Announcement

Collapse
No announcement yet.
X
  • Filter
  • Time
  • Show
Clear All
new posts

  • Problems merging data

    Hi all,

    I have been trying to merge my data using key variables but error I keep getting is : " key variable do not uniquely identify observations in the using data"

    The is my first data
    ----------------------- copy starting from the next line -----------------------
    Code:
    * Example generated by -dataex-. For more info, type help dataex
    clear
    input str10 id float(date days) byte measurement float date1 int(sugar ice smoke sugar2 ice1 smoke1 ice2 cie3) float(number date4)
    "44" 21213 130 12 21327 120 70   .  . . . . . 18 21369
    "44" 21213 130  8 21290 112 64   .  . . . . . 18 21369
    "30" 21213 130  2 21329 140 85   .  . . . . . 19 21369
    "30" 21213 130 10 21306 120 70   .  . . . . . 18 21369
    "30" 21213 130  4 21251 126 62   .  . . . . . 18 21369
    "30" 21213 130  6 21264 110 60   .  . . . . . 18 21369
    "30" 21213 144  5 21255 133 62   .  . . . . . 18 21369
    ""       . 144  3 21241 108 70   .  . . . . . 18 21369
    "30" 21213 130 11 21318 130 70 130 60 . . . . 18 21369
    "30" 21213 144  2 21235 124 76   .  . . . . . 18 21369
    "30" 21213 130  1 21227 118 62   .  . . . . . 18 21369
    "30" 21213 130  7 21269 120 58   .  . . . . . 18 21369
    "44" 21213 130  1 21284 105 55   .  . . . . . 19 21369
    "44" 21213 130  9 21297 124 60   .  . . . . . 18 21369
    "44" 21213 130  1 21192 112 64   .  . . . . . 17 21369
    end
    format %tdDD/NN/CCYY date
    format %td date1
    format %tdDD/NN/CCYY date4

    This is the second data:

    ----------------------- copy starting from the next line -----------------------
    Code:
    * Example generated by -dataex-. For more info, type help dataex
    clear
    input str10 id int(read1 read2) float(time self days value exp1 obse1)
    "419" 110 58             . 1 1 . . .
    "3"   120 46 1.8054964e+12 1 4 . . .
    "39"   81 44 1.8510804e+12 1 3 . . .
    "39"   84 50  1.724345e+12 1 3 . . .
    "39"   84 50 1.8505718e+12 1 3 . . .
    "39"  109 45             . 1 3 . . .
    "39"  143 50  1.850501e+12 1 3 . . .
    "39"  153 50 1.8138373e+12 1 4 . . .
    "373" 120 48 1.8326545e+12 1 5 . . .
    "373" 123 59 1.8765867e+12 1 5 . . .
    "373" 120 58   1.85383e+12 1 5 . . .
    "87"  120 50 1.8529647e+12 1 5 . . .
    "87"  100 50 1.8534015e+12 1 5 . . .
    "87"   89 50 1.7746176e+12 1 5 . . .
    "87"    9 50 1.8555128e+12 1 5 . . .
    "26"  121 48 1.7681596e+12 1 5 . . .
    end
    format %tcDD/NN/CCYY_HH:MM time
    format %tdDD/NN/CCYY value
    ------------------ copy up to and including the previous line ------------------

    Listed 16 out of 16 observations

    Any help would be greatly appreaciated

  • #2
    The error means what it says, the variables used for merging is not unique in the data set.
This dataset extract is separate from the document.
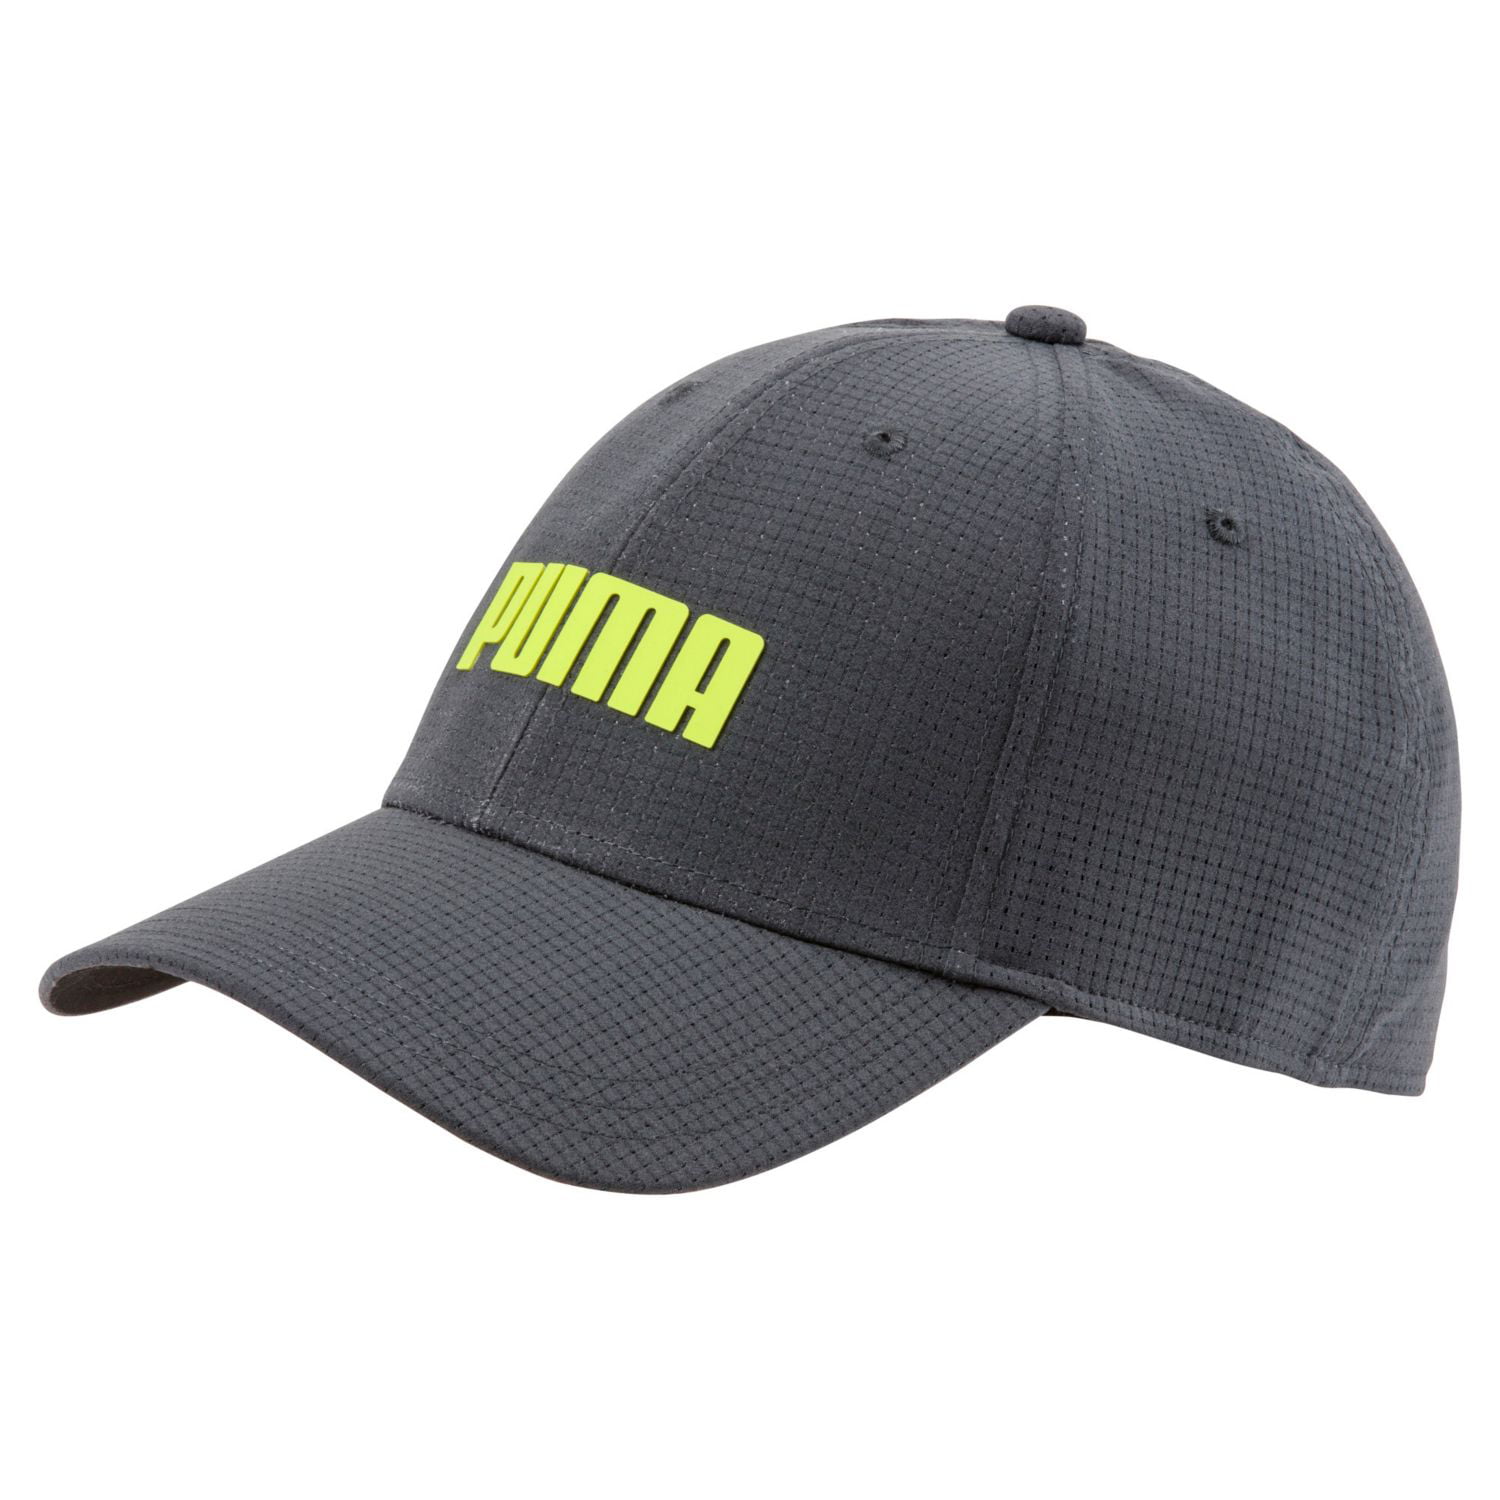 puma fitted hat

The question did not show the actual merging command or did not describe the actual plan of the merging so it's hard to tell what went wrong. However, assuming you've attempted a 1:1 merge using id as the matching variable, then it would be caused by the fact that in both data there are multiple copies of the same id.

    Again, without knowing the actual intention, I cannot suggest anything. But there is also another command -joinby- that can do multiple merge (if that was the original intention.)

    Comment


    • #3
      Thanks for your reply. I think there are multiple copies of the same id because the data is currently in the long format. But what I intend to do is to add some variables that are missing in the first dataset from the second one. So both data sets are in the long format and have the same id but some variable e.g reading1 from the second data set I'd like to add to the first one

      Comment


      • #4
        Originally posted by Eli Omo View Post
        Thanks for your reply. I think there are multiple copies of the same id because the data is currently in the long format. But what I intend to do is to add some variables that are missing in the first dataset from the second one. So both data sets are in the long format and have the same id but some variable e.g reading1 from the second data set I'd like to add to the first one
        Then that would depend on of the variables you plan to add vary within an ID or constant within an ID. If it's constant, then you can check out -collapse- to compress the supplemental data set into one ID a line, and then use m:1 merge to combine them.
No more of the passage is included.